After two summers in the government work program, I explored the hospitality industry, which means I spent two summers trudging from my sister’s home in Post Falls, Idaho to a nearby Sleep Inn, where I was the youngest person on the housekeeping staff by about 20 years. The head housekeeper was a woman named Sarah who took her hourly smoke break with military precision and had a laugh that could rival a diesel engine. She was also so kind to me, I didn’t care that most of her teeth were missing.
I cleaned around a dozen rooms on an average day, racing from bed to bed as a soap opera blared from the television. Other girls my age were probably at the mall or listening to music in their bedrooms. I was scrubbing down bathroom floors and wondering if Cassie on One Life to Live was ever going to end up with Kevin Buchanan. I was 15. I convinced my sister Debbi to join me the following summer, though I forgot to tell her about the lower back aches that came in the afternoon. I think she felt particularly duped when we returned to our cleaning cart one afternoon to find a note reading: “Toilet clogged in room 211, please fix.”
In college, I worked nights and weekends at a department store in the local mall. I was stationed in the department store’s “intimates” section and typically refer to this as the time I was a bra fitter. Because that’s what I did, or at least what I was trained to do during a six-hour course in Seattle, of which, the only thing I remember is being told that we were the real specialists and those ladies at Victoria Secret with the pink measuring tape around their neck were, in a word, frauds.
(I have no idea why this photo of me working at said department store exists, if only to prove that I actually worked there.)
What they did not tell me was most of my job would entail of trying to keep teenagers from stealing the new Calvin Klein underwear by taking them into the dressing room, tearing off the tags, and wearing them home. Yes, our loss and prevention guy had his work cut out for him, walking that delicate line between trying to stop actual theft and being accused of sexual harassment.
And then, finally, my first job in journalism, a summer internship at a small newspaper in Lewiston, Idaho. I covered mostly parades and Lewis and Clark re-enactments, but I was hooked. I didn’t want to do anything else.

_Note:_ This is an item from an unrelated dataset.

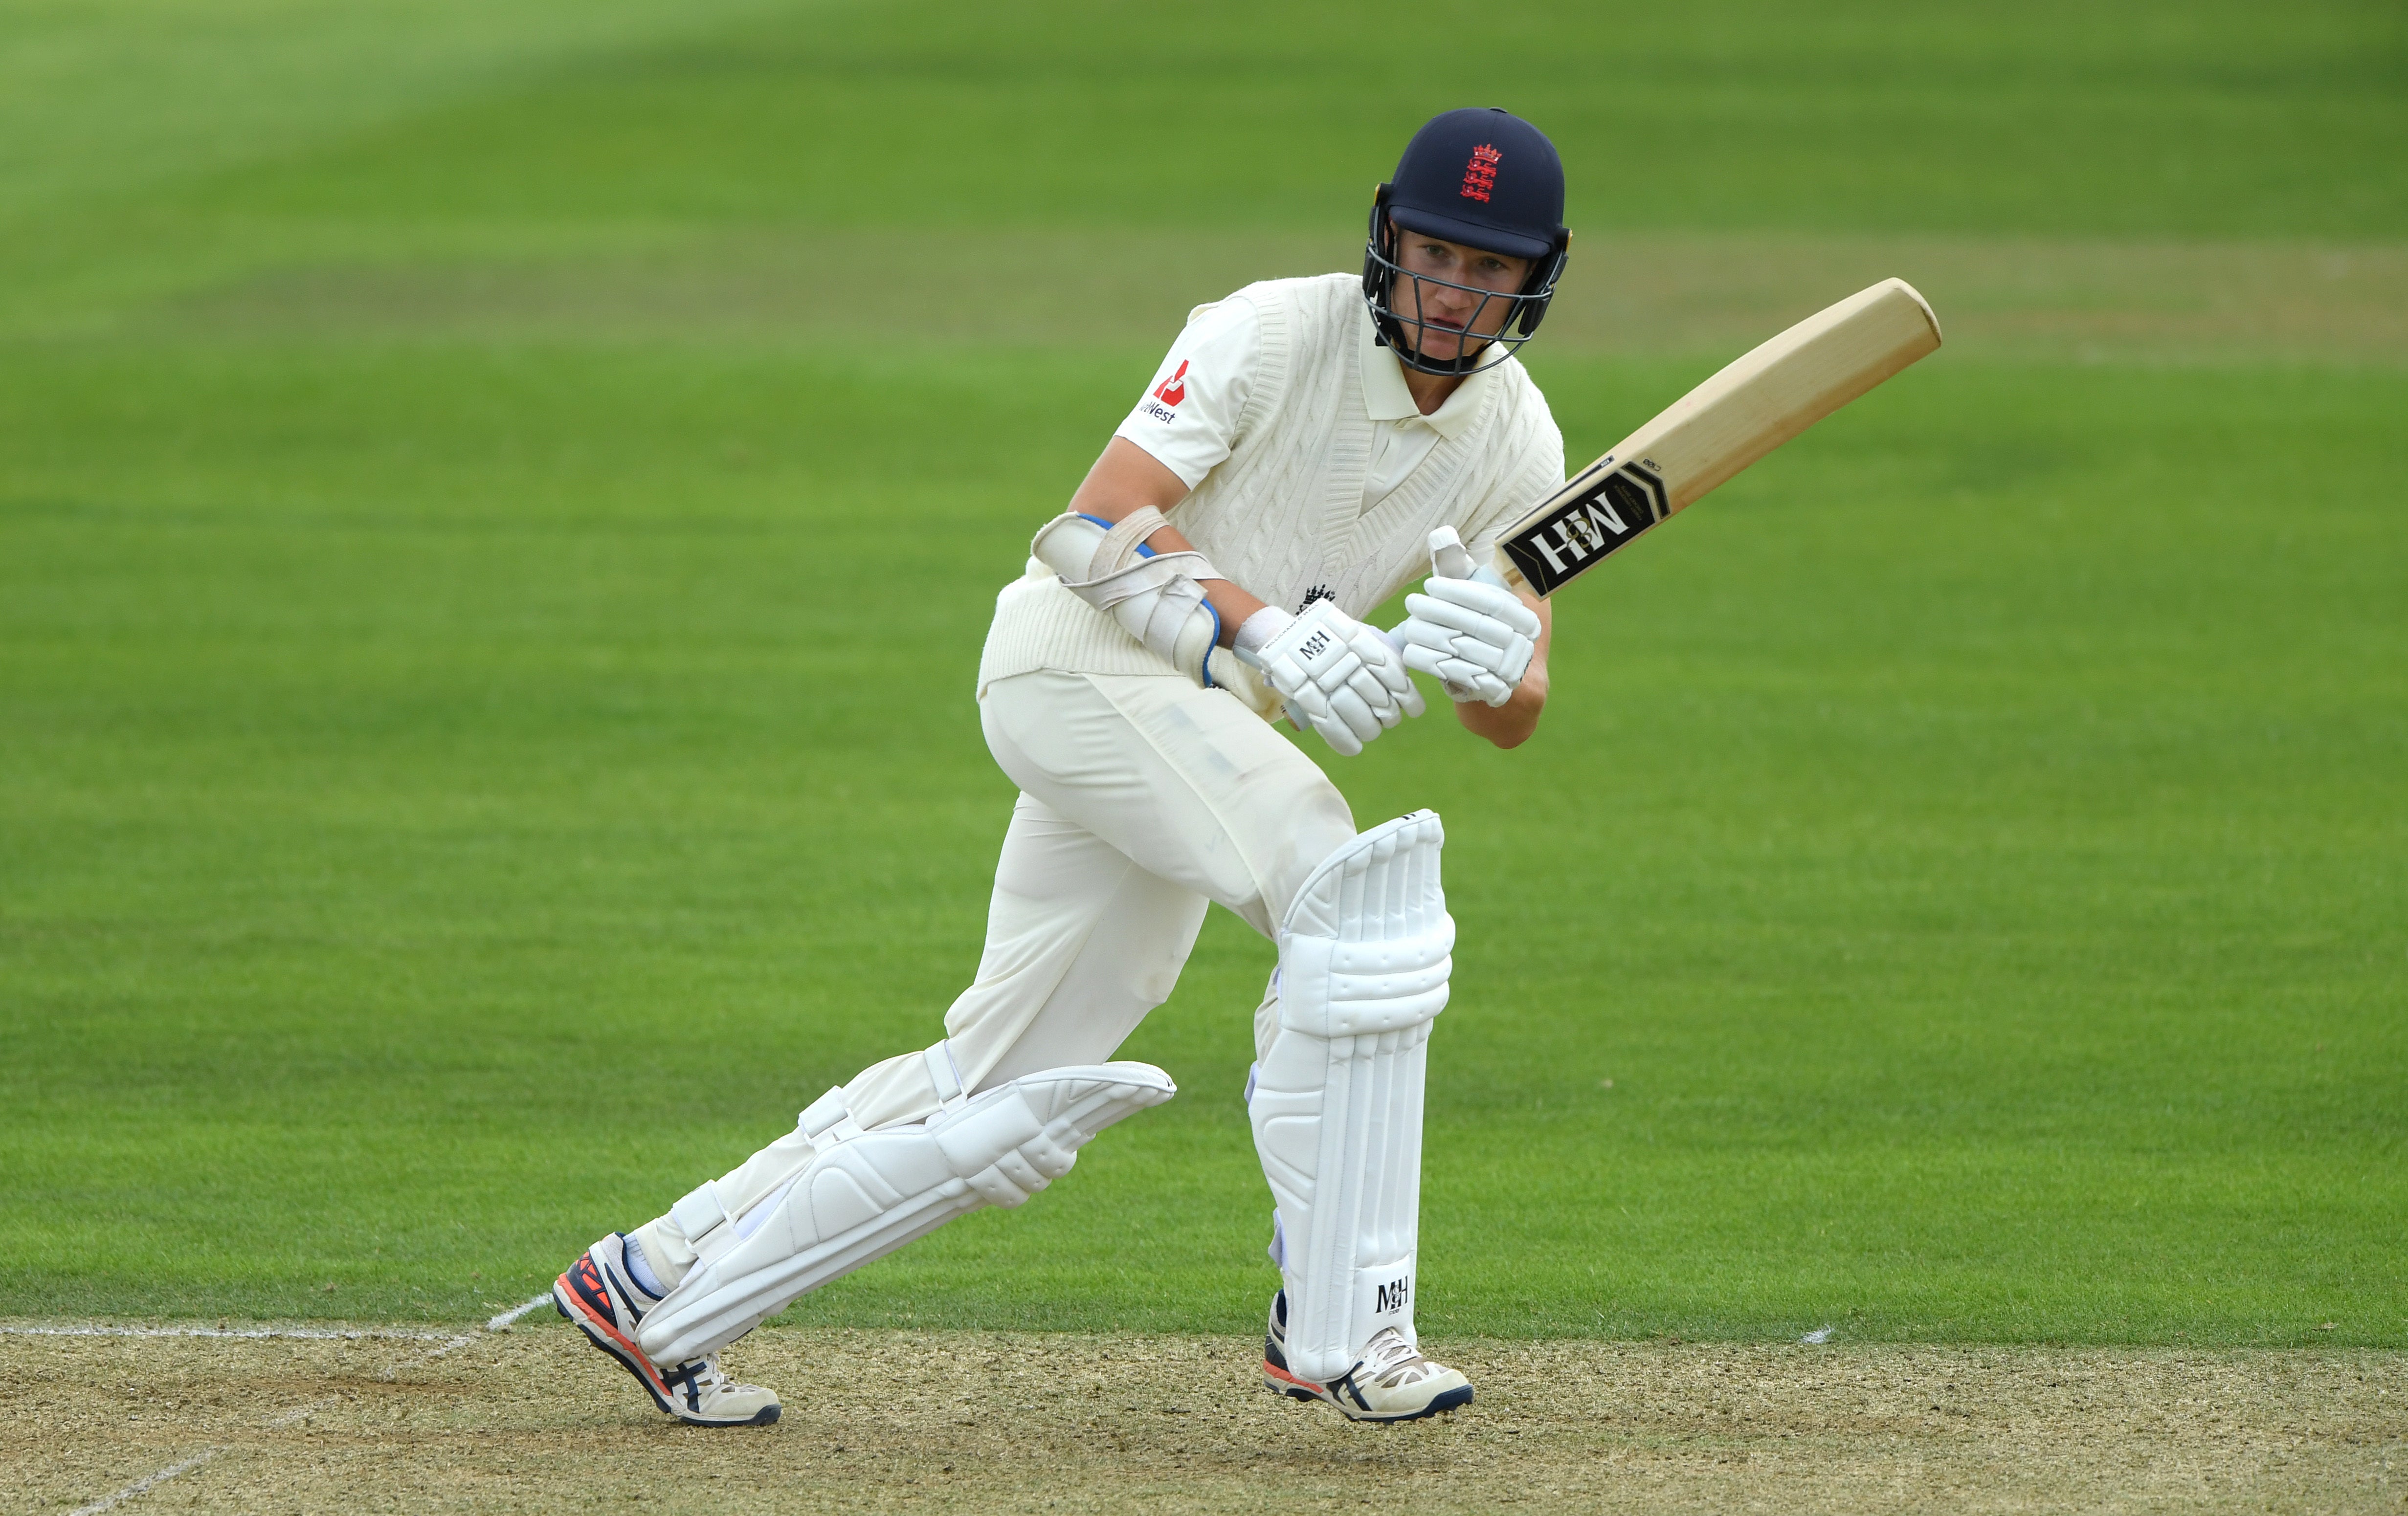 James Bracey is expected to make his Test debut for England this week (Stu Forster/PA)

my first letter from a reader …
There were a couple other odd jobs, a stint at a Starbucks that I’m probably banned from after I quit by leaving my boss a Post-it note. It was a move stolen from the Sex in the City episode where Carrie’s boyfriend Jack Berger dumps her by leaving behind a Post-it that read: “I’m sorry, I can’t. Don’t hate me.” In the case of the Starbucks boss, I was pretty sure he was going to hate me no matter how I left, and the feeling was mutual. This was a guy who once told me that my latte foam needed to be able to hold a quarter, A QUARTER.
It’s been eight years since I first called myself a journalist, and I’m still hooked, and like I said, eager to continue on my path, even if it looks much different than it did when I started. Then, I couldn’t imagine not working for a daily newspaper, but I’ve since worked for two different news wire services and in my most recent job, I wrote mostly for online news outlets.
I have to fight back discouragement as I come to terms with the fact that there are more of us now, fighting for fewer positions, all of us trying to show how useful we are in this brave new technology-driven world.
I learned something from each of these jobs I’ve mentioned, and chief among them is that strange little word that means so much right now in our profession: Versatility. You can no longer just be a writer, you need to be able to shoot photo, and video, and do it all at once. You need to be hungry to learn and quick to catch on, because standing right behind you is a recent graduate who has been well-schooled in multimedia and has a lot less to choose from than you did when scouring journalismjobs.com for postings.
Yes, it can be hard to stay positive, but I also have to think that a former janitor-housekeeper-bra fitter-barista has enough versatility to put themselves over the edge.